• **What you are asked to do**
A full, exact copy of the listing is needed, with images omitted.

Material provided section start

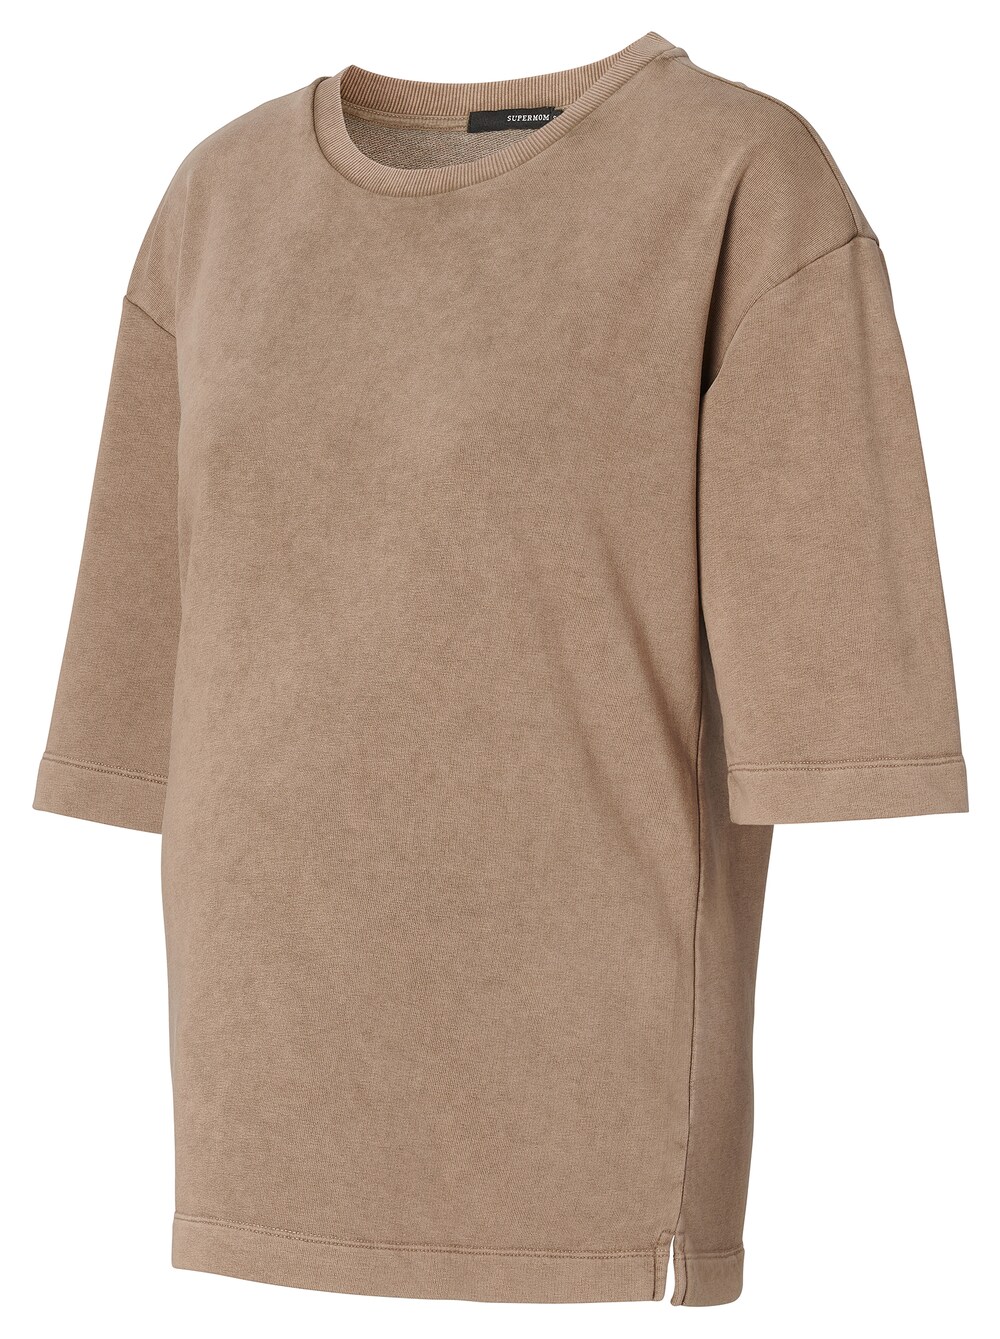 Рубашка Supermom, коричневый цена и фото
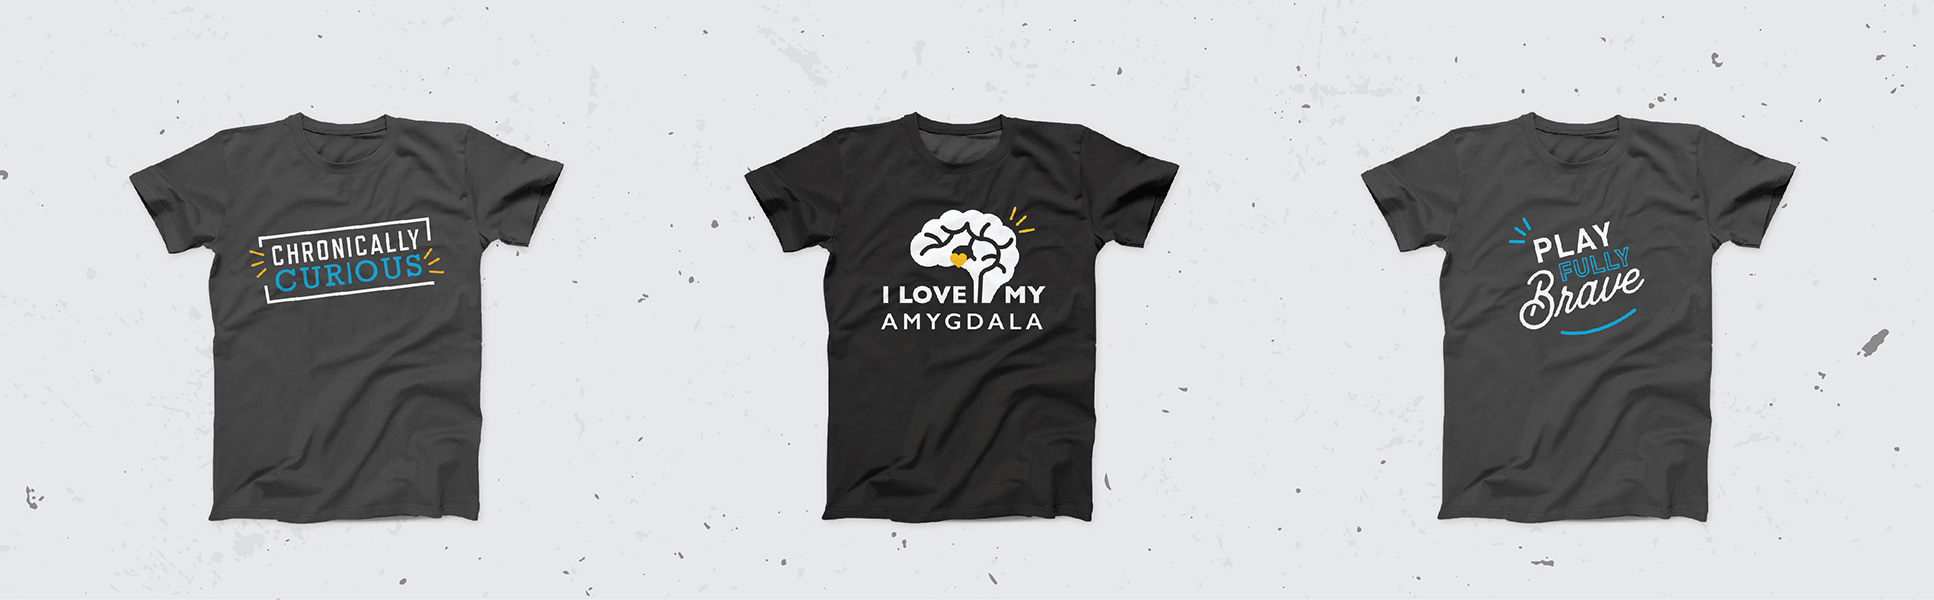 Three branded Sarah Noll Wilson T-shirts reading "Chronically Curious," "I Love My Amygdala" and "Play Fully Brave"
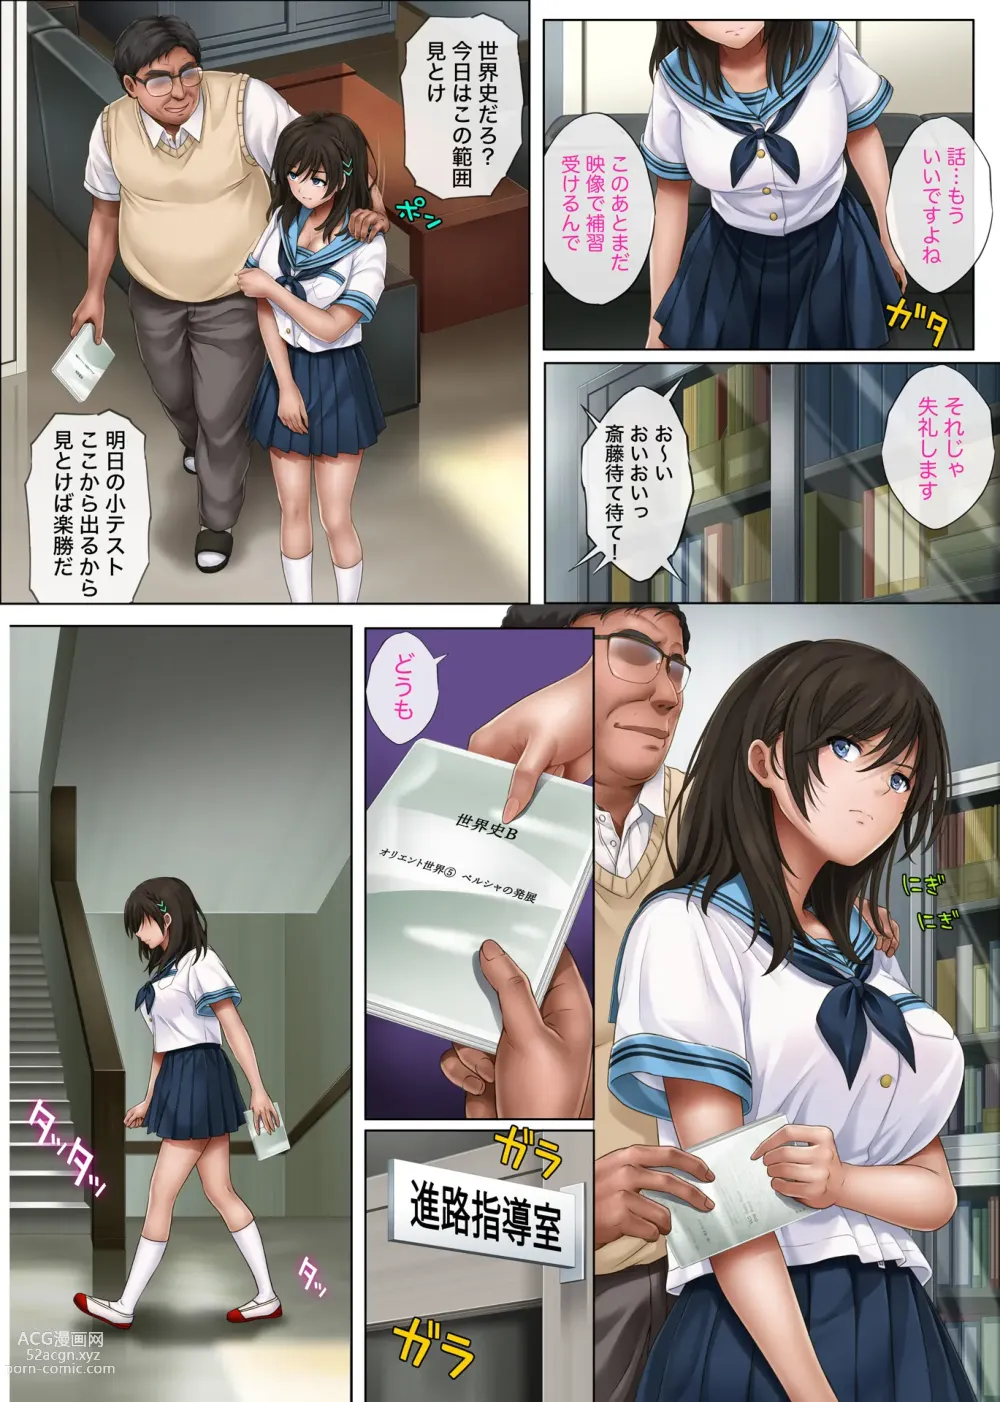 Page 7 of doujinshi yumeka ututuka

Material provided section end

• **Response below**
 Рубашка Supermom, коричневый цена и фото
 Three branded Sarah Noll Wilson T-shirts reading "Chronically Curious," "I Love My Amygdala" and "Play Fully Brave"
 Page 7 of doujinshi yumeka ututuka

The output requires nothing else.